Brow Beat

Patrice O’Neal’s Hilarious and Bittersweet Farewell

Patrice O’Neal in Los Angeles last September.

Photo by Frederick M. Brown/Getty Images

In stand-up comedy, the term “crowd work” refers to improvised interaction with the audience. Most comedians practice at least the most primitive forms of crowd work. “How’s everybody feeling tonight,” for instance.

Patrice O’Neal, who died last November just shy of his 42nd birthday, did much, much more.* As he says during the six and a half minutes of crowd work that open his final comedy album, Mr. P, out today, “I like to know who I’m here… fuckin’… trying to fuckin’ make laugh and shit.” (In addition to working the crowd, O’Neal worked more than a little blue.)

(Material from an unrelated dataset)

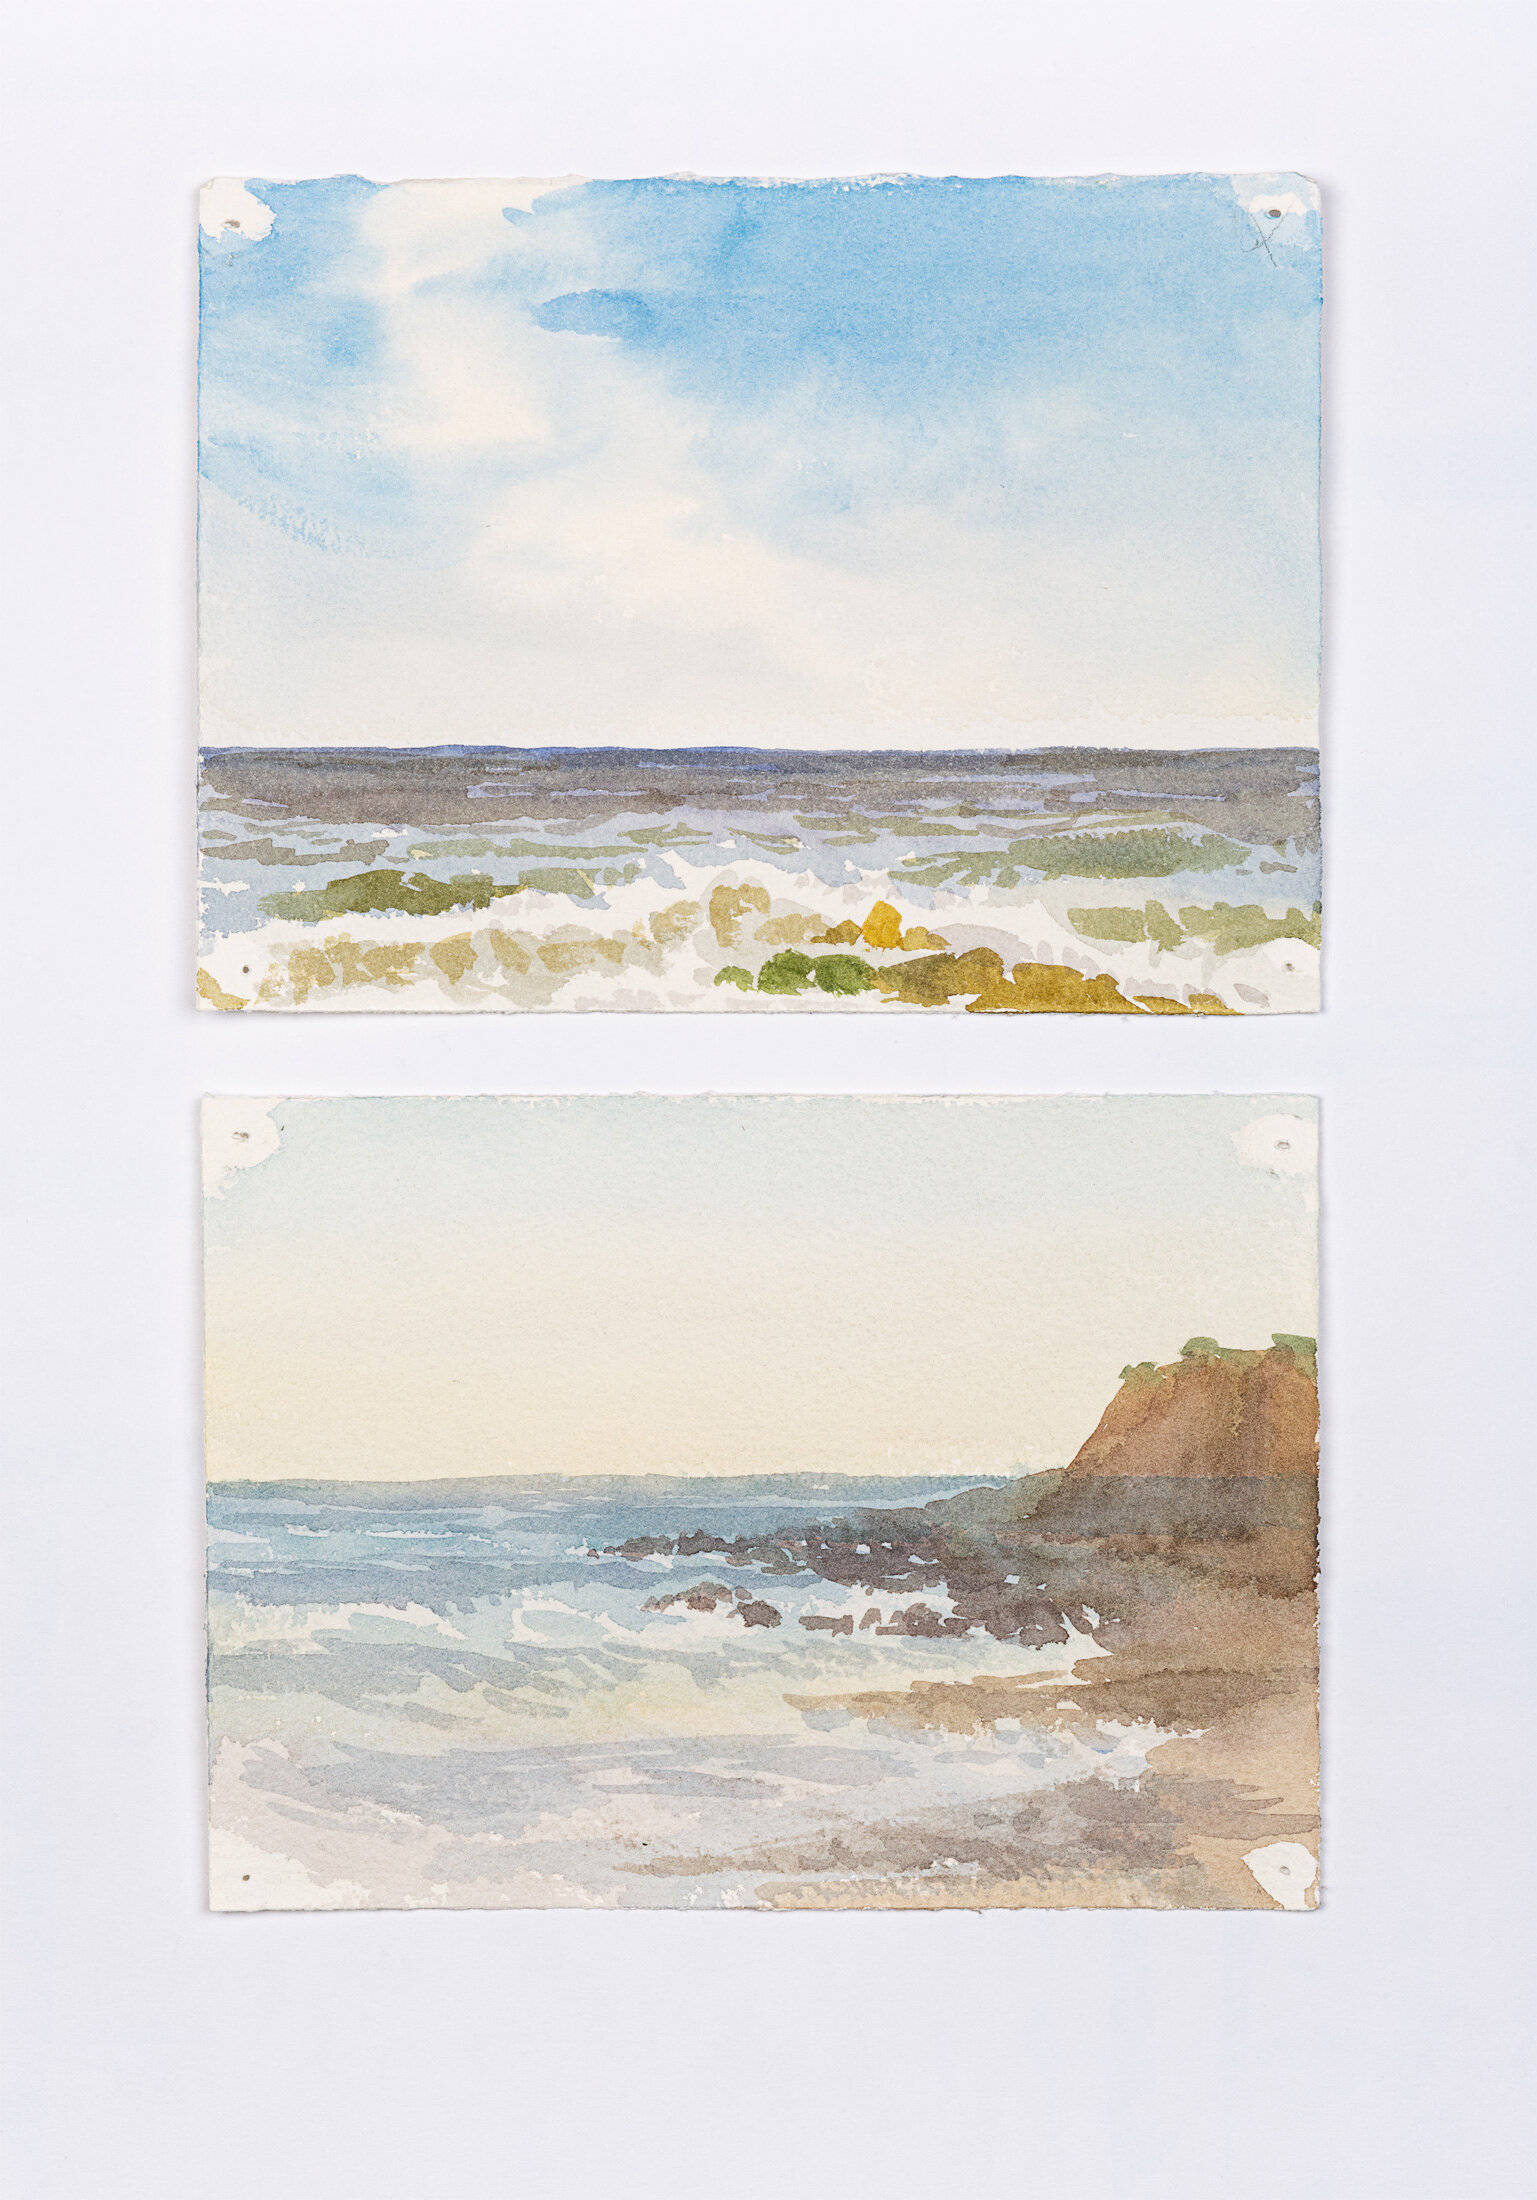 Sea Landscape Studies, 2016 - watercolor on paper

His interlocutor at that particular moment is a man he’s already put on the defensive, a man whose date seemed less than excited when the show began. After pointing this out, O’Neal reads the man’s body language and decides he really doesn’t like the woman he’s with. Then he makes fun of the man for getting touchy, and finally he asks the woman how old she is in order to contrast her with a younger woman sitting nearby, whose comeliness O’Neal has already commented on. (O’Neal could be egregiously sexist, even misogynistic—about which more below.)

By needling his crowd like this, O’Neal manages to peel away the social niceties that keep people guarded and nervous—and less likely to laugh. And so, once he’s ready, he can start talking about his life, often without even really telling jokes, and absolutely kill.

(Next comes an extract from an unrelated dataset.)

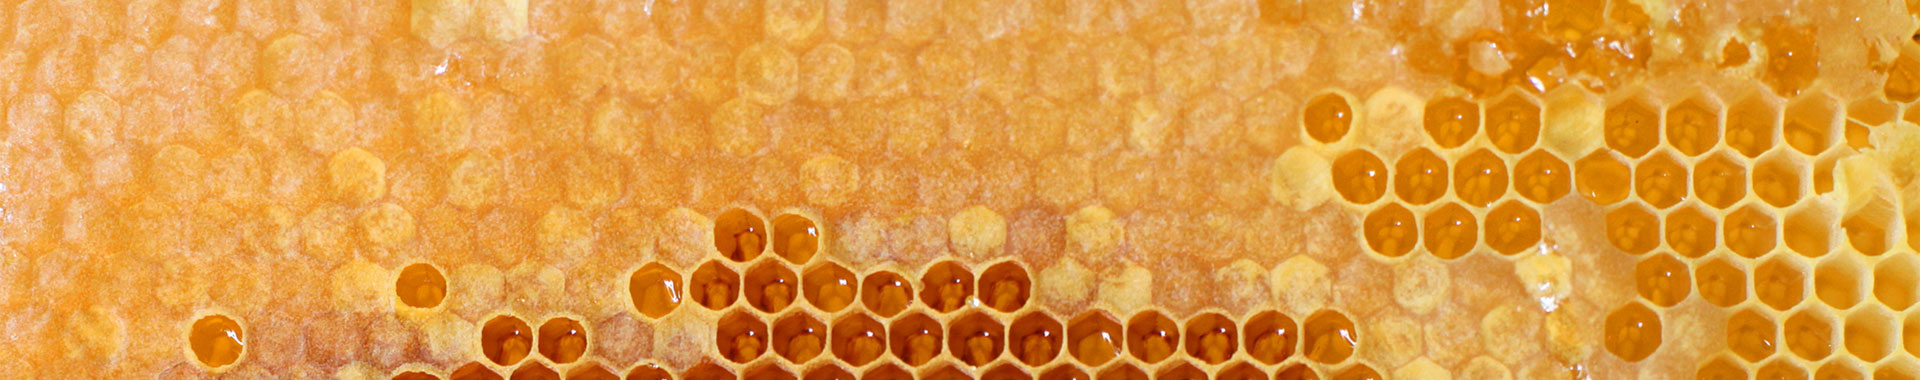 Eine Wabe voller Honig

On Mr. P, O’Neal pivots to a heartfelt reflection about how he doesn’t really care about massive tragedies as much as he should. “You ever have trouble giving a fuck about, like, shit that you supposed to give a fuck about?” he asks the crowd, after referring to the tsunami in Japan. Out of context, it is probably hard to understand the considerable laughter that line gets. It’s the laughter of recognition, the giddy laughter of people who are happy to be listening to a man who will be painfully honest with them for the next 90 minutes or so.

During those 90 minutes O’Neal talks about money and sex, politics and power. He says that the fairest form of reparations would be to eliminate the federal income tax for African-Americans. And he goes back, again and again, hilariously, to the crowd. At one point, ready to launch into a bit about differences between white women and black women, he strikes up conversation with another man by asking what his name is. When the man tells him it’s Tolu, O’Neal just stops. He then launches into a hilarious, apparently improvised rant about black parents giving their children African names (O’Neal was named for Congolese leader Patrice Lumumba), and the ways that black and white kids respond to those names. The crowd dies. It’s the funniest track on the album.

O’Neal then goes into his bit about black and white women. “Women,” unfortunately, is probably not the term he uses most. In a great, searching interview with Marc Maron, O’Neal said he used to be “a terrible misogynist,” but that what turned out to be his last (and longest) relationship had changed him. He also says, in the course of that interview, “I generally don’t like what women are.” He means, in part, what society makes women—but his solutions to that situation were not exactly what you would call feminist. And O’Neal’s way of talking about women may be too much for some listeners to overcome. (Which he didn’t mind: “I hope everybody ain’t laughing,” he says on Mr. P, “because it’s no fun if everybody’s laughing. It’s always good to have somebody here saying, ‘That’s just… That’s not…’”)

“I’m not as angry at women as I used to be,” O’Neal says well into the set recorded for his final album. Judging from much of this routine, however, he was still, at the end of his too-short life, pretty angry. His interview with Maron demonstrates that he wasn’t afraid to examine the sources of that anger. And it’s one of the many sadnesses of O’Neal’s passing that we won’t get to find out where that examination might have taken him.

* This post originally misstated O’Neal’s age at the time of his death.